Catheter Ablation for Atrial Fibrillation & Atrial Flutter in Adults
Cardiac electrophysiologists at NYU Langone may use catheter ablation to correct—and even cure—the symptoms of atrial fibrillation or atrial flutter. This procedure allows your doctor to cauterize, or ablate, the tissue causing abnormal rhythms in the heart’s upper chambers.
Cardiac electrophysiologists at NYU Langone’s Heart Rhythm Center—a nationally and internationally recognized arrhythmia treatment center—pioneered catheter ablation, a minimally invasive procedure that has revolutionized the treatment of these arrhythmias by eliminating the need for surgery.
Catheter ablations are performed in one of our four state-of-the-art cardiac electrophysiology laboratories using highly advanced imaging, mapping, and recording technologies to diagnose and to treat complex arrhythmias. Our experience treating a wide variety of arrhythmias has provided our experts with a vast clinical knowledge, experience, and expertise.

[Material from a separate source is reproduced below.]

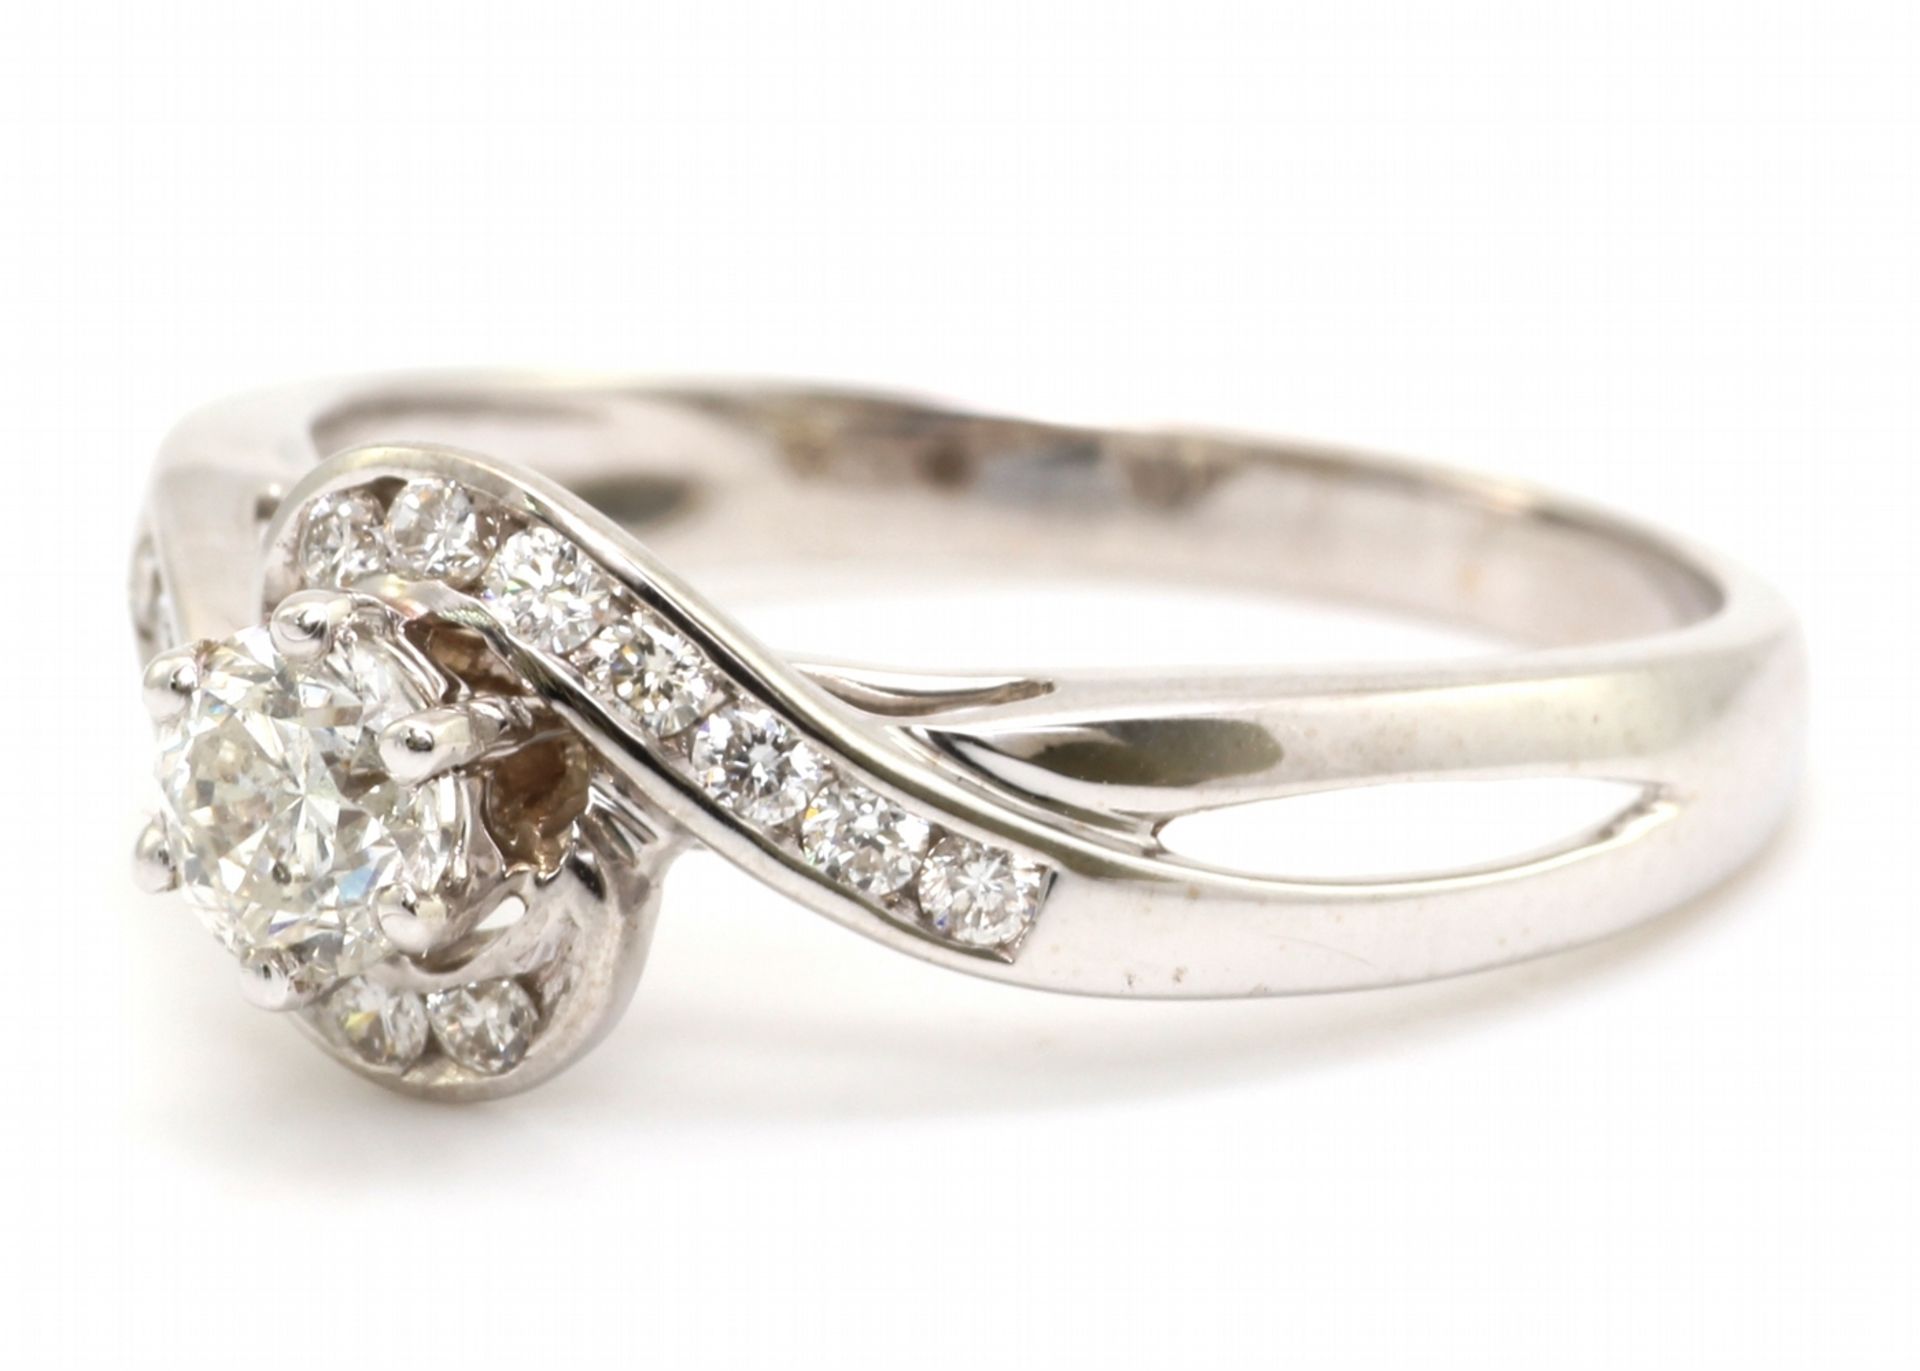 18ct White Gold Single Stone Twist Shoulders Diamond Ring 0.54 Carats - Valued by AGI £2,160.00 - - Image 2 of 4

Catheter ablation uses radiofrequency energy, or high heat, to cauterize, or ablate, abnormal electrical pathways in the heart. This forms a scar, which cannot conduct electricity, thereby preventing abnormal heart rhythms. Sometimes, doctors perform cryoablation, which uses extremely cold temperatures instead of heat.
Catheter ablation is performed through a small incision in the groin. Your cardiac electrophysiologist inserts a long, thin, hollow tube called a catheter into a blood vessel and carefully guides it to the heart’s upper chambers using precision-guided imaging and three-dimensional integrated mapping systems.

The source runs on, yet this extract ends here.